Sixty students from the University of Edinburgh (Mage = 22.35, SD = 3.5, range: 18 to 30, 14 men) participated in this experiment. None had taken part in Experiment 1.

Materials

The materials were the same 36 sentences in English used in Experiment 1. This time, the sentences were recorded by a professional broadcaster. The sentences were edited with Audacity (2020) version 2.3.3, a recording and editing software package. As in Experiment 1, the order of the sentences was randomised across study trials.

Procedure

The participants sat comfortably in a chair, with headphones on. The headphones were plugged in into the computer where the recordings were played. The participants were asked to turn off the sound and vibration of their mobile phones. The volume of the computer was adjusted until it was comfortable for the participant. The participants were informed that they would listen to the sentences more than once and that some silences would seem longer, but the learning phase was not going to be over until indicated by the experimenter who was looking at the soundwaves produced by the recordings on the screen of the computer. The participants practiced the distractor task, and then started the learning phase.
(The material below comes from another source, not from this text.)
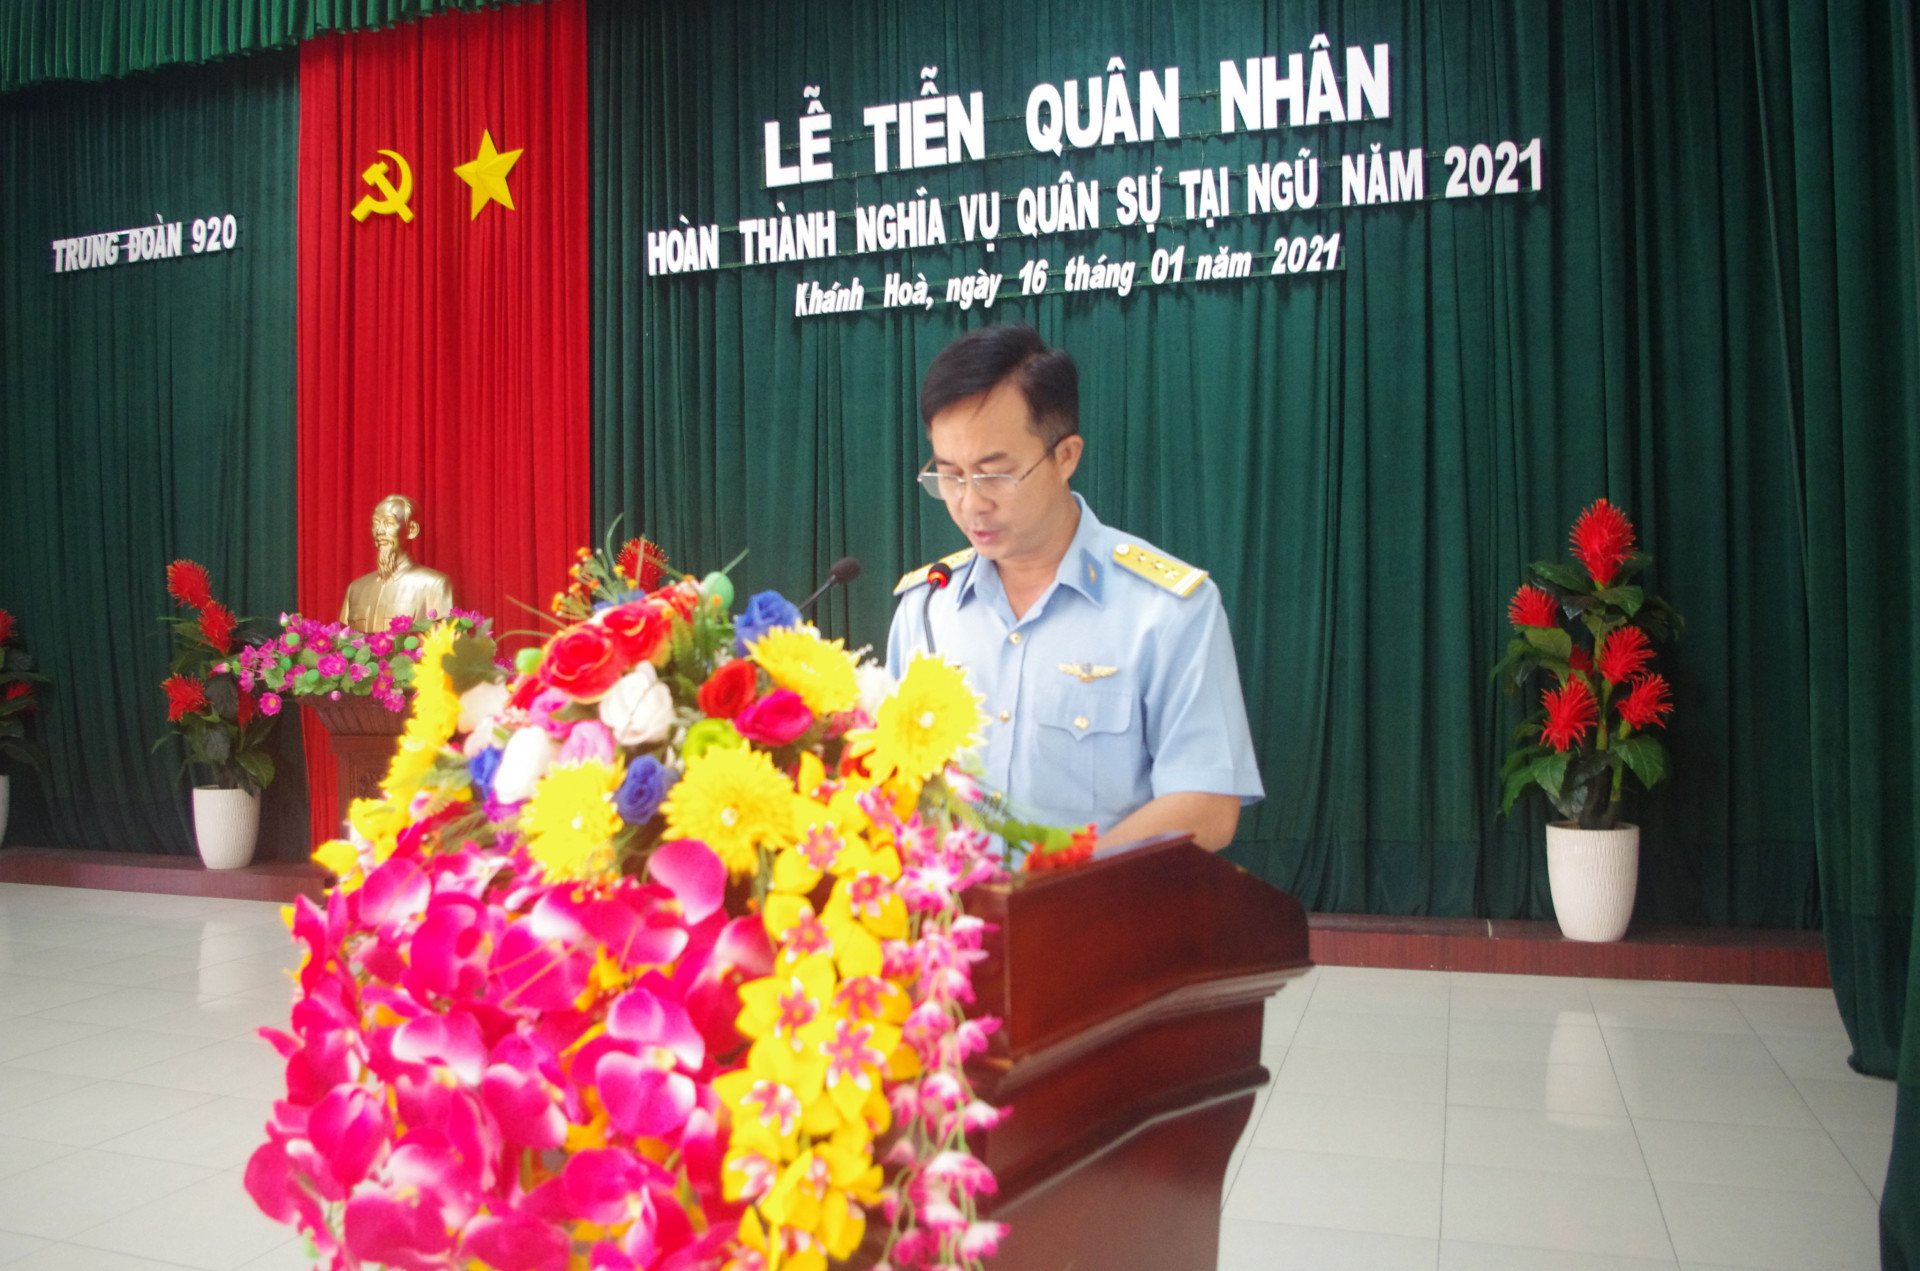 Thượng tá Nguyễn Hồng Thắng, Chính uỷ Trung đoàn 920 phát biểu tai buổi lễ

Each participant was presented with either two, four, or six study trials, followed by the instruction to perform the distractor task. The sentences were presented at a rate of approximately 2.5 s per sentence, with 2 s silence between sentences, and 15 s silence between study trials. Once the completed the distractor task, they were asked to complete the first response sheet. The response sheets used for this experiment were the same as in Experiment 1. As in the previous experiment, participants were asked to try to remember for at least five minutes if they have not completed all the sentences, and to leave the response field blank if they could not remember the answer. Performance was tested at 30 s, 24 hr, and 1 week. The order of the items on the response sheets was fixed for each participant.

At the end of the session, the participants were reminded that they would receive an email with the following response sheet the next day and a week later. As in Experiment 1, we tested performance in the longer intervals via email to remove the possibility that participants would fail to attend the remaining sessions, except for nine participants who were tested in person as a control to ensure that testing via email would not decrease the scores compared to in person testing.

Results

The forgetting rate of participants tested completely in person was not substantially different from the participants tested via email. Means and standard errors of number of correct items recalled at each retention interval are depicted in Fig. 2.

Fig. 2
figure 2

Mean and Standard Errors of Correct Responses at Each Combination of Number of Repetitions and Retention Interval

Effect of retention interval

There was substantial evidence of the effect of time between 30 s and 24 hr (b = -2.46, SD = 0.43, CI = [-3.33, -1.66]), between 30 s and 1 week (b = -4.45, SD = 0.49, CI = [-5.48, -3.53]), and between 24 hr and 1 week (b = -1.99, SD = 0.38, CI = [-2.77, -1.27]).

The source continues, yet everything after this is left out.